Canadian mining company (1922–2005)

Noranda Mines, Limited, and from 1984 onwards Noranda Inc., was a Canadian mining company that existed from 1922 to 2005. It was listed on the TSX under the symbol NRD.LV. After eventually acquiring a large interest in rival mining company Falconbridge, it merged with that company in 2005. The combined company continued under the name Falconbridge Limited, ending the Noranda name. Only one year later in 2006 Falconbridge was acquired by the Swiss-based mining company Xstrata. On 2 May 2013 ownership of Xstrata was fully acquired by mining behemoth Glencore.

==History and operations==

Noranda was incorporated in 1922 as Noranda Mines under the leadership of James Y. Murdoch to exploit the Horne deposit, discovered by Edmond Henry Horne on mineral claims he staked in 1920 near Rouyn-Noranda, Quebec.
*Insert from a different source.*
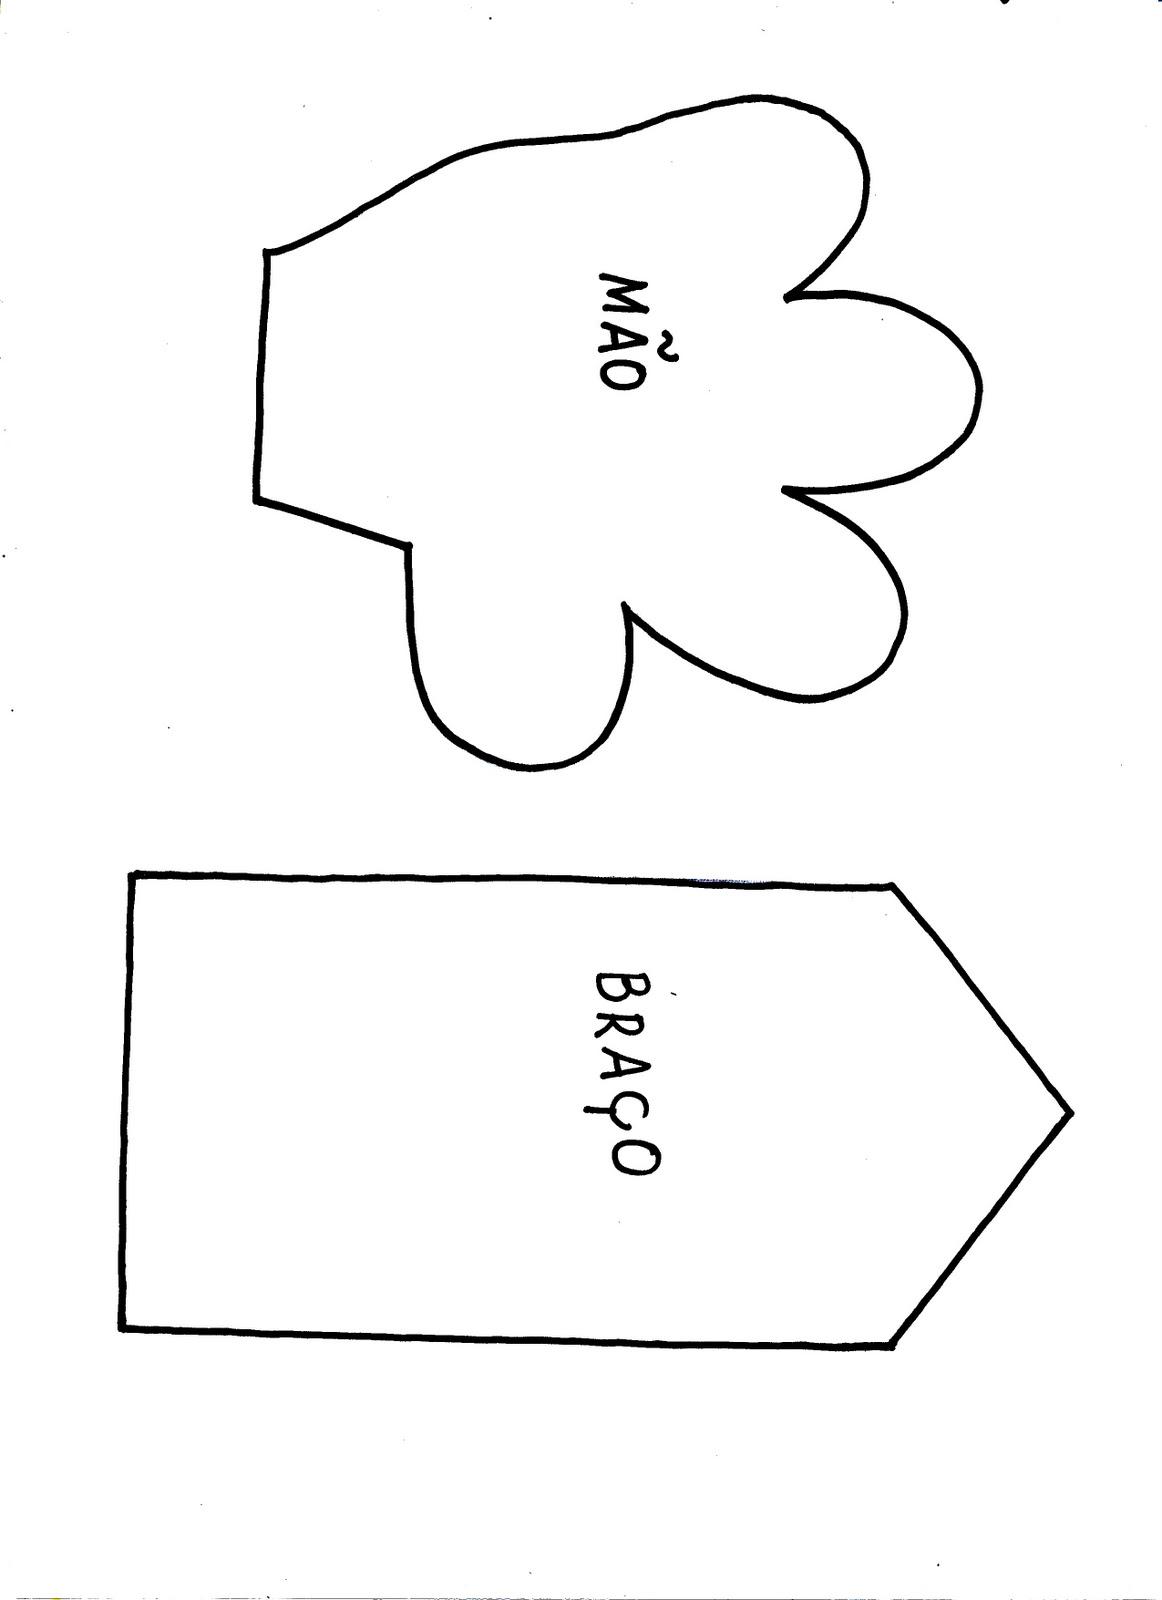 Eu Amo Artesanato Fantoche Bem Facil De Fazer Passo A Passo Com Molde

Extraction of copper began on 17 December 1927. Although extraction was originally predicted to last for only three years, additional reserves (the gigantic "Giant H Orebody") were quickly discovered; the mine would form the backbone of Noranda's operations until reserves were exhausted in 1976.

Beginning in 1930, Noranda diversified by acquiring holdings in the forestry, oil, manufacturing, and automotive industries. In 1931, the company opened the CCR refinery in Montréal-Est, which processes all the copper produced by the Horne Smelter.

Noranda gained its first international property in 1938 with the purchase of the Empresa Minera de Nicaragua gold mine in Nicaragua.

The company gained a large interest in Kerr Addison Gold Mines in 1945.

In 1955 it opened the Gaspé Copper Mines, and in 1963 Canadian Electrolytic Zinc (CEZ), in which Noranda held a large stake, began production.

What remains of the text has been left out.